今夜は、高校時代の仲間とちょっとした飲み会である。
誰それの誕生日だから…
仲間が里帰りしたから…
とか何とか理由付けては、集まって飲んでいる。
年が明けてからまだ一度も飲んでいないから…と、久々に声をかけた。
名目は、1月生まれと2月生まれの誕生祝である。
今夜参加するメンバーの一人に、先日ベトナムに行っていたという女性がいる。
ご主人の仕事に付きあって、何度かベトナムに行っているらしい。
「最近出回っているので、遅くまでは付き合えないよ」と言う意味なのか、
「ベトナムで暴飲暴食が過ぎたので、控えめに…」
という参加表明があった。
幹事は、飲み会の案内の時点から、ワクワクさせねばならない。
出欠確認をしながら、すでに飲み会が始まっているかのように盛り上げる。
またそうすべきであると、そう思っている。
全員に行き渡るメーリングリストに書く。
そんなこと言っていないで、前夜はしっかり熟睡して、終わりなき宴に備えるように…、と。
そして、付け加えた。
ベトナム帰りの方は、いまだ衰えぬ美貌にお似合いの、ベトナム土産のアオザイを着て…
そして、相変わらずの美脚を披露していただきたいものです…と。
すると、こっぴどくお叱りのメールをいただいた。
Qとん君、アオザイを見た
ことあるの?
Qとん君の見たアオザイは
都町のオネエちゃんが
着てたんでしょ。
でもね、アオザイって
深いスリットが入ってる
けど、下にパンツ(ズボン)
履くんだもんね。
チラっとも足は見えません。
残念でした。
スケベおやじのために、わざわざパンツに注釈のカッコが付いて、ズボンとまで説明してくれている。
確かに、ベトナムに行ったことはない。
アオザイをウェブサイトで調べて、自分の認識が大きくかけ離れていたことに気づいた。
あのヒラヒラの素材が、麻か絹かは知らないけれど、触れると体の温かみまで伝わってきそうな薄さ…
いや、まだ直に触ったことなどあるはずもない。
アオザイは、化粧っ気のない、楚々とした健康的な笑顔のベトナムの女性に似合うと思う。

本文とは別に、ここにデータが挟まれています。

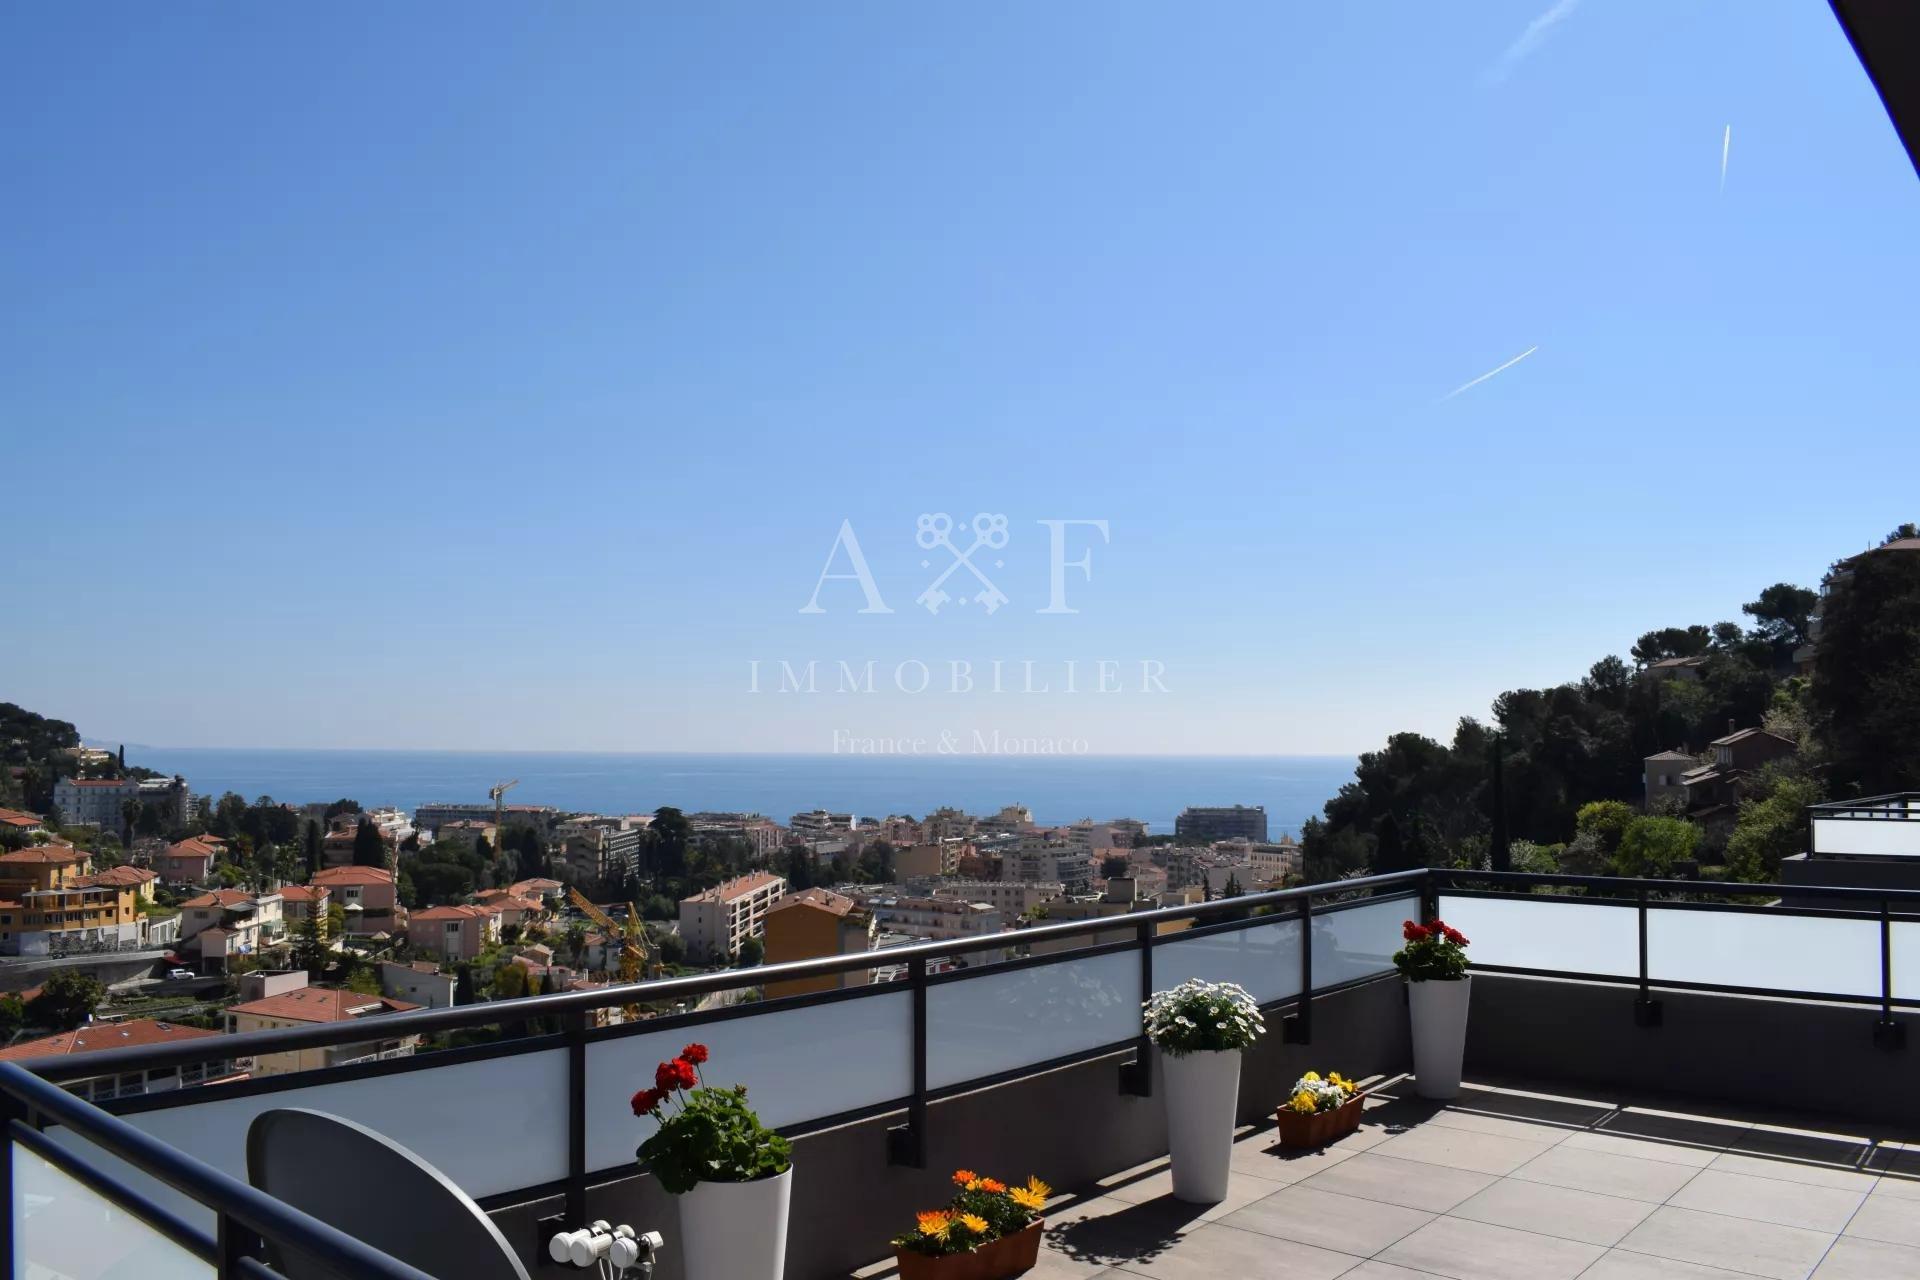 Overlooking the valley of Roquebrune Cap Martin

湿った暖かい南国の風にその裾がめくれると、すらっと伸びた小麦色の美脚がのぞく…
思っていたのは、心の深層にある、自分の欲望によって作りあげられたアオザイであったか…
しかも、どうやらチャイナドレスのデザインをイメージしてしまっていたらしい。
それにしても、ひょんな所でアオザイに対する認識不足を披露してしまった。
それも、高校時代からの気の置けない仲間たちに…である。
今夜の久々の飲み会。
酒の肴にされるのは、間違いないようである。